The records section start

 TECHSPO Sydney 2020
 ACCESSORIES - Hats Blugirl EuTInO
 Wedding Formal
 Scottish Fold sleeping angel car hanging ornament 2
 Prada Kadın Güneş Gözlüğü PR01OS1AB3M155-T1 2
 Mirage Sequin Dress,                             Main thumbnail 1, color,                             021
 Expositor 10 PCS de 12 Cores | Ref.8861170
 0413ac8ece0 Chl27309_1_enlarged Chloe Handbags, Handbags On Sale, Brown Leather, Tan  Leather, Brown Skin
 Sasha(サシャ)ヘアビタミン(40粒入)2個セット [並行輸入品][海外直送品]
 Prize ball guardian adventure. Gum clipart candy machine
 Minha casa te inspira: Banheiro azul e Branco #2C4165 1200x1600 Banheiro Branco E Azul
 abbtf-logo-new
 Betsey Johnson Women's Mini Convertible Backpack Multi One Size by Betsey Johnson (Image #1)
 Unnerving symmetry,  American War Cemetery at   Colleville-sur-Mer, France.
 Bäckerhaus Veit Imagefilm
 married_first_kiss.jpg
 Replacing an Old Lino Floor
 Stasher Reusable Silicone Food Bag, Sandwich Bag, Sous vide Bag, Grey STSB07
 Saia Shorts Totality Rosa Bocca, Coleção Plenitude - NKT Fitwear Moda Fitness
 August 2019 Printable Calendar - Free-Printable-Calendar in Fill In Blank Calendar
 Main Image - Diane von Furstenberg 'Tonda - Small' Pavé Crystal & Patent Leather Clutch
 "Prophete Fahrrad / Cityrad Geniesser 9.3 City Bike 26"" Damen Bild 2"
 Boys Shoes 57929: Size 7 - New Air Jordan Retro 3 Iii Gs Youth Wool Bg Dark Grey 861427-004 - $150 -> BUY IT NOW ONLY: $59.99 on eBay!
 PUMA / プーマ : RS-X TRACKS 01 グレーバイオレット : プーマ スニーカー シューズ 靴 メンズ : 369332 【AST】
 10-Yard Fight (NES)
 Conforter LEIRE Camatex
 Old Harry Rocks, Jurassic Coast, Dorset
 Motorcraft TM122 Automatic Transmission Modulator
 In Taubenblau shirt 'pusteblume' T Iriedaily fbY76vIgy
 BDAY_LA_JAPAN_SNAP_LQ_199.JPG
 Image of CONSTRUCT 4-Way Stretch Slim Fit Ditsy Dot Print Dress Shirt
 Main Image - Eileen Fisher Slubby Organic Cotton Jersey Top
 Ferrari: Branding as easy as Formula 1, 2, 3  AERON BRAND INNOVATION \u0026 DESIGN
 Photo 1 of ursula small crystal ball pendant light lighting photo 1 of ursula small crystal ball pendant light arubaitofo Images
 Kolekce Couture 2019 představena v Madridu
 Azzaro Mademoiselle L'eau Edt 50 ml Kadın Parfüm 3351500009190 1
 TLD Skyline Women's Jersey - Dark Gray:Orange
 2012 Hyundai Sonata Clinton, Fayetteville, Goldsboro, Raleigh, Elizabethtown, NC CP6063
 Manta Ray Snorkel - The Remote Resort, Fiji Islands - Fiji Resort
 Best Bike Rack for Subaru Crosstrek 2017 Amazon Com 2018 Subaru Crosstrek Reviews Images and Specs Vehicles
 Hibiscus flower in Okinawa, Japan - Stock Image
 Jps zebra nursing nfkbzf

The records section end

Assignment:
Could you write out, exactly as they stand, only the lines above that begin at the line with "BDAY_LA_JAPAN_SNAP_LQ_199.JPG" and stop after the line with "Photo 1 of ursula small crystal ball pendant light lighting"?

Final answer:
 BDAY_LA_JAPAN_SNAP_LQ_199.JPG
 Image of CONSTRUCT 4-Way Stretch Slim Fit Ditsy Dot Print Dress Shirt
 Main Image - Eileen Fisher Slubby Organic Cotton Jersey Top
 Ferrari: Branding as easy as Formula 1, 2, 3  AERON BRAND INNOVATION \u0026 DESIGN
 Photo 1 of ursula small crystal ball pendant light lighting photo 1 of ursula small crystal ball pendant light arubaitofo Images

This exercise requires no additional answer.